For production, always use IRSA (IAM Roles for Service Accounts) instead of static credentials.

Create IAM Role for IRSA

To use IRSA in production, you need to create an IAM Role with the necessary permissions:

Trust Policy (trust-policy.json):

{
"Version": "2012-10-17",
"Statement": [
{
"Effect": "Allow",
"Principal": {
"Federated": "arn:aws:iam::123456789012:oidc-provider/oidc.eks.us-east-1.amazonaws.com/id/EXAMPLED539D4633E53DE1B71EXAMPLE"
},
"Action": "sts:AssumeRoleWithWebIdentity",
"Condition": {
"StringEquals": {
"oidc.eks.us-east-1.amazonaws.com/id/EXAMPLED539D4633E53DE1B71EXAMPLE:sub": "system:serviceaccount:infra-operator-system:infra-operator-controller-manager",
"oidc.eks.us-east-1.amazonaws.com/id/EXAMPLED539D4633E53DE1B71EXAMPLE:aud": "sts.amazonaws.com"
}
}
}
]
}

IAM Policy - ElastiCache (elasticache-policy.json):

{
"Version": "2012-10-17",
"Statement": [
{
"Effect": "Allow",
"Action": [
"elasticache:CreateCacheCluster",
"elasticache:DeleteCacheCluster",
"elasticache:DescribeCacheClusters",
"elasticache:ModifyCacheCluster",
"elasticache:CreateReplicationGroup",
"elasticache:DeleteReplicationGroup",
"elasticache:DescribeReplicationGroups",
"elasticache:ModifyReplicationGroup",
"elasticache:AddTagsToResource",
"elasticache:RemoveTagsFromResource",
"elasticache:ListTagsForResource",
"elasticache:CreateCacheSubnetGroup",
"elasticache:ModifyCacheSubnetGroup"
],
"Resource": "*"
}
]
}

Create Role with AWS CLI:

# 1. Get OIDC Provider from EKS cluster
export CLUSTER_NAME=my-cluster
export AWS_REGION=us-east-1
export AWS_ACCOUNT_ID=$(aws sts get-caller-identity --query Account --output text)

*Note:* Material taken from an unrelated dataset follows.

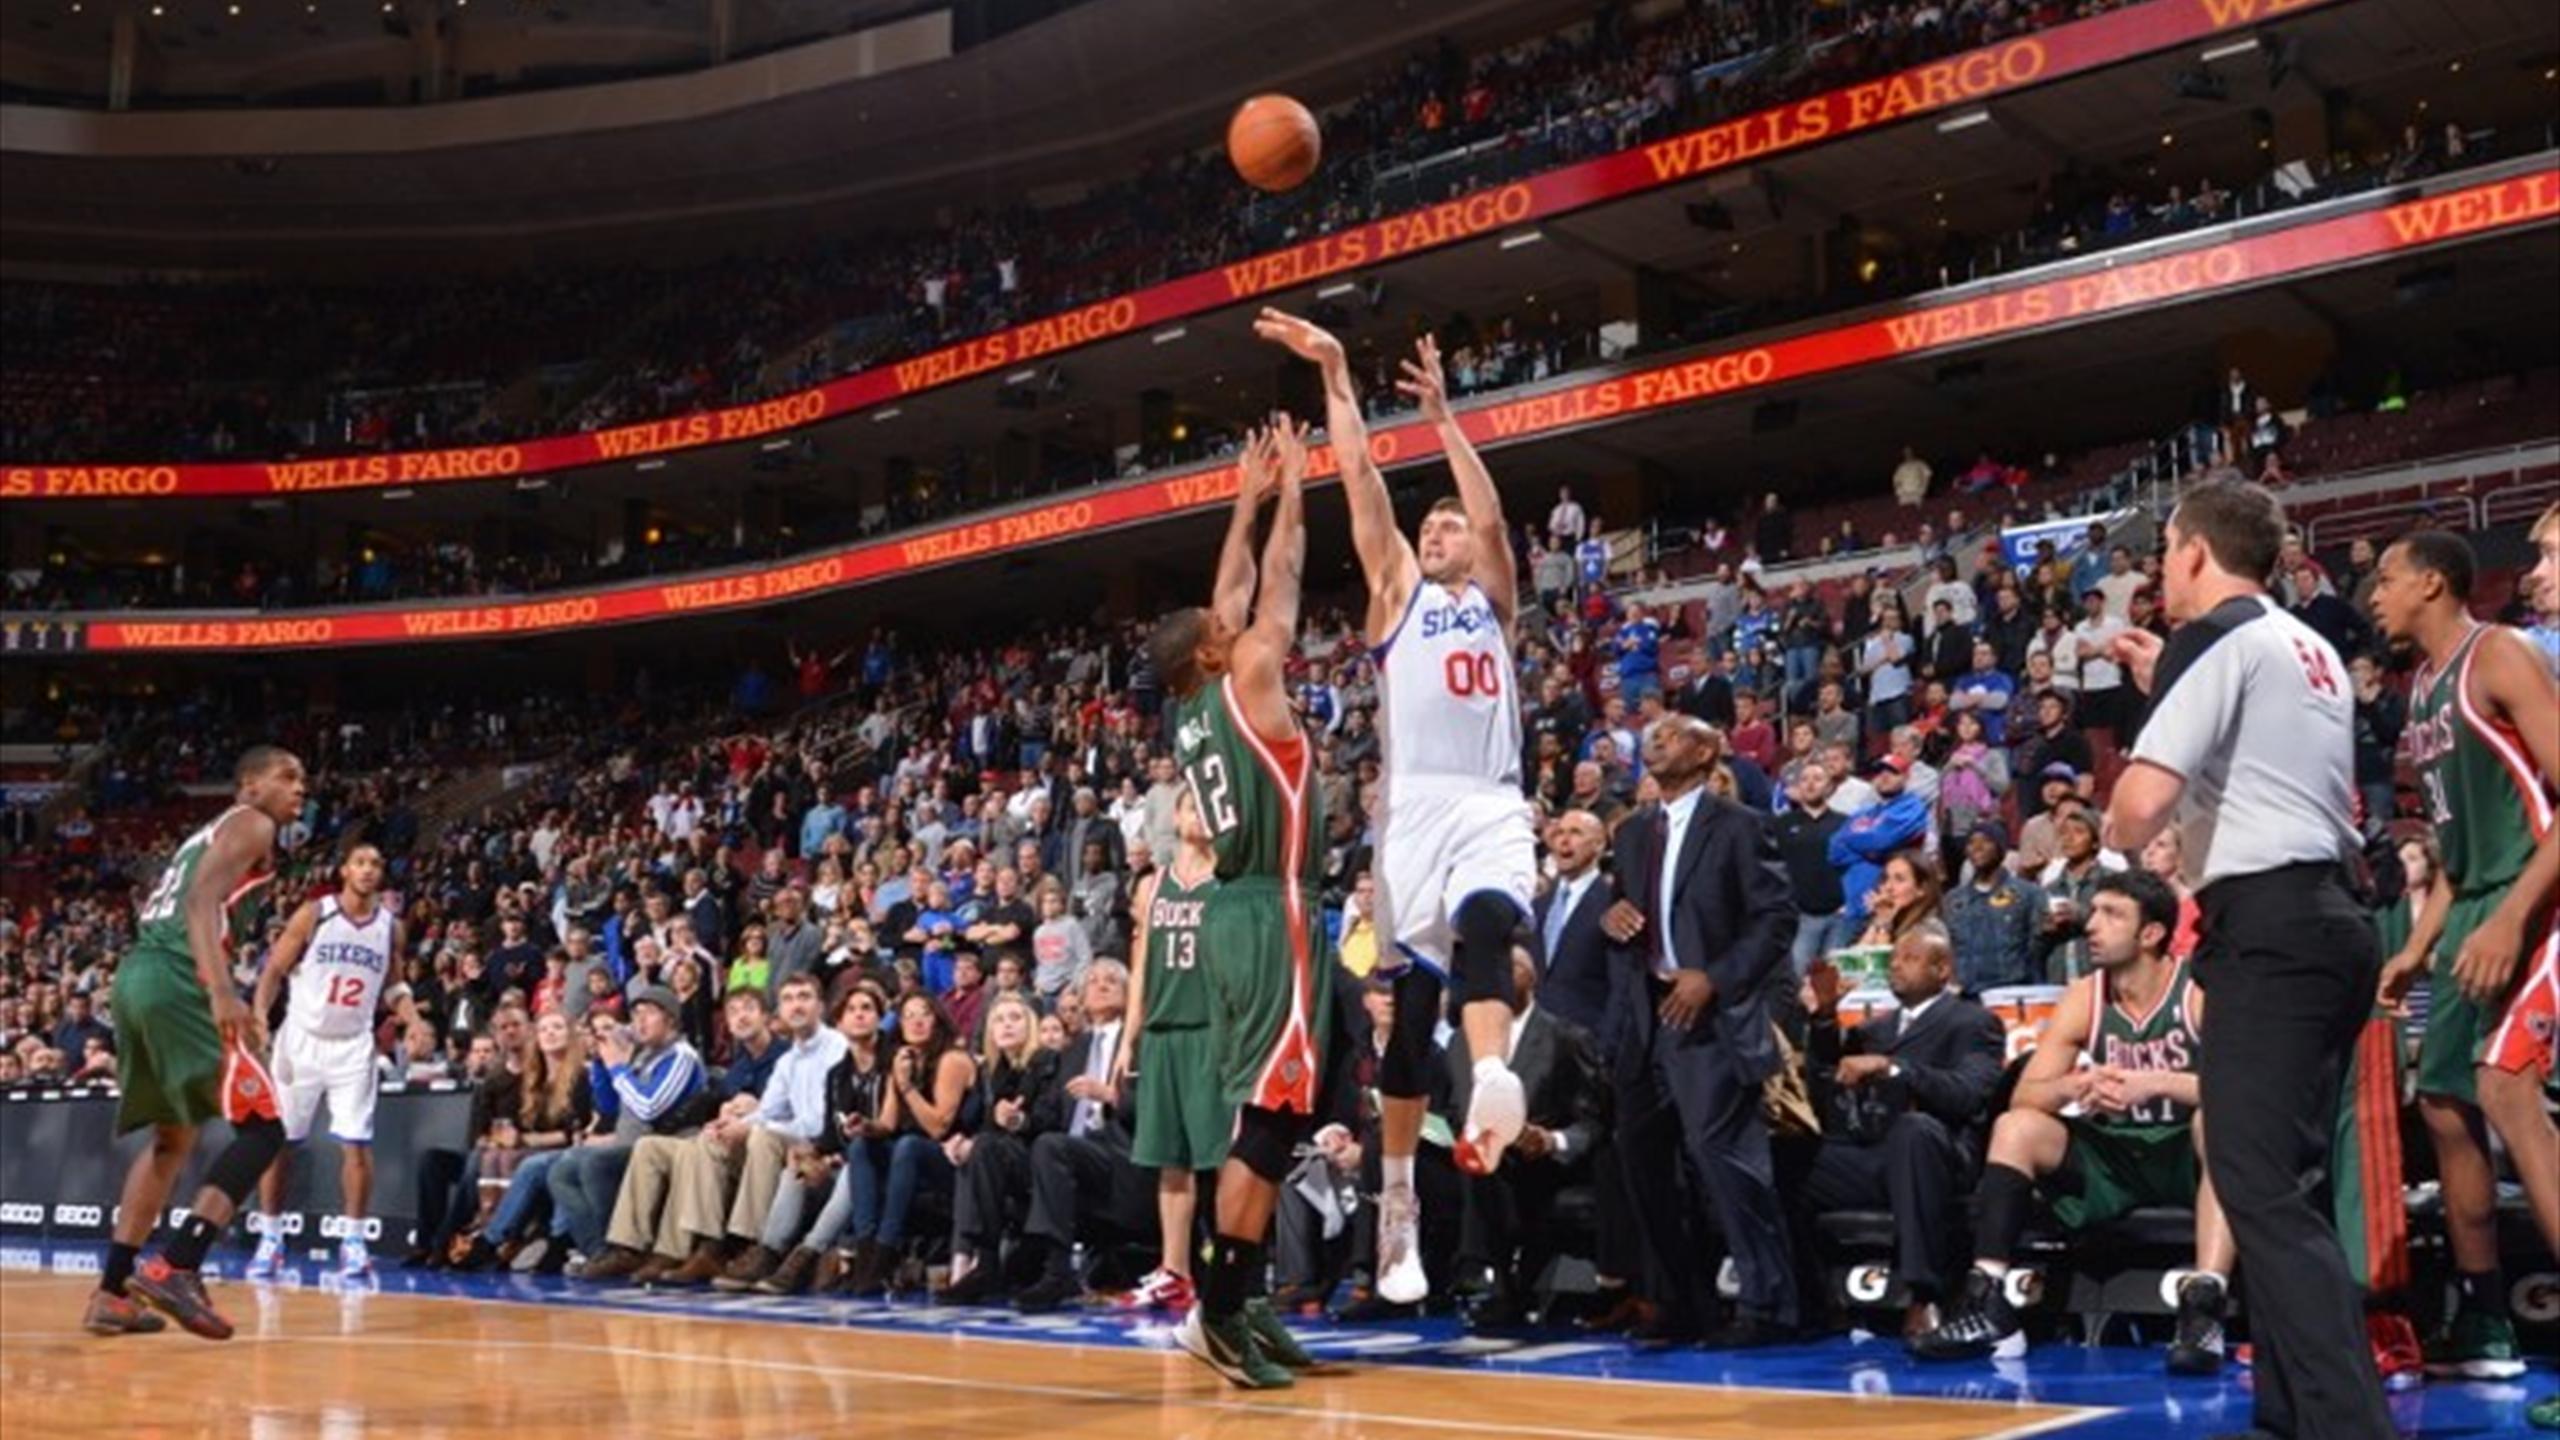 NBAde geceye damga vuran en güzel hareketler

OIDC_PROVIDER=$(aws eks describe-cluster \
--name $CLUSTER_NAME \
--region $AWS_REGION \
--query "cluster.identity.oidc.issuer" \
--output text | sed -e "s/^https:\/\///")

# 2. Update trust-policy.json with correct values
cat > trust-policy.json <<EOF
{
"Version": "2012-10-17",
"Statement": [
{
"Effect": "Allow",
"Principal": {
"Federated": "arn:aws:iam::${AWS_ACCOUNT_ID}:oidc-provider/${OIDC_PROVIDER}"
},
"Action": "sts:AssumeRoleWithWebIdentity",
"Condition": {
"StringEquals": {
"${OIDC_PROVIDER}:sub": "system:serviceaccount:infra-operator-system:infra-operator-controller-manager",
"${OIDC_PROVIDER}:aud": "sts.amazonaws.com"
}
}
}
]
}
EOF

# 3. Create IAM Role
aws iam create-role \
--role-name infra-operator-elasticache-role \
--assume-role-policy-document file://trust-policy.json \
--description "Role for Infra Operator ElastiCache management"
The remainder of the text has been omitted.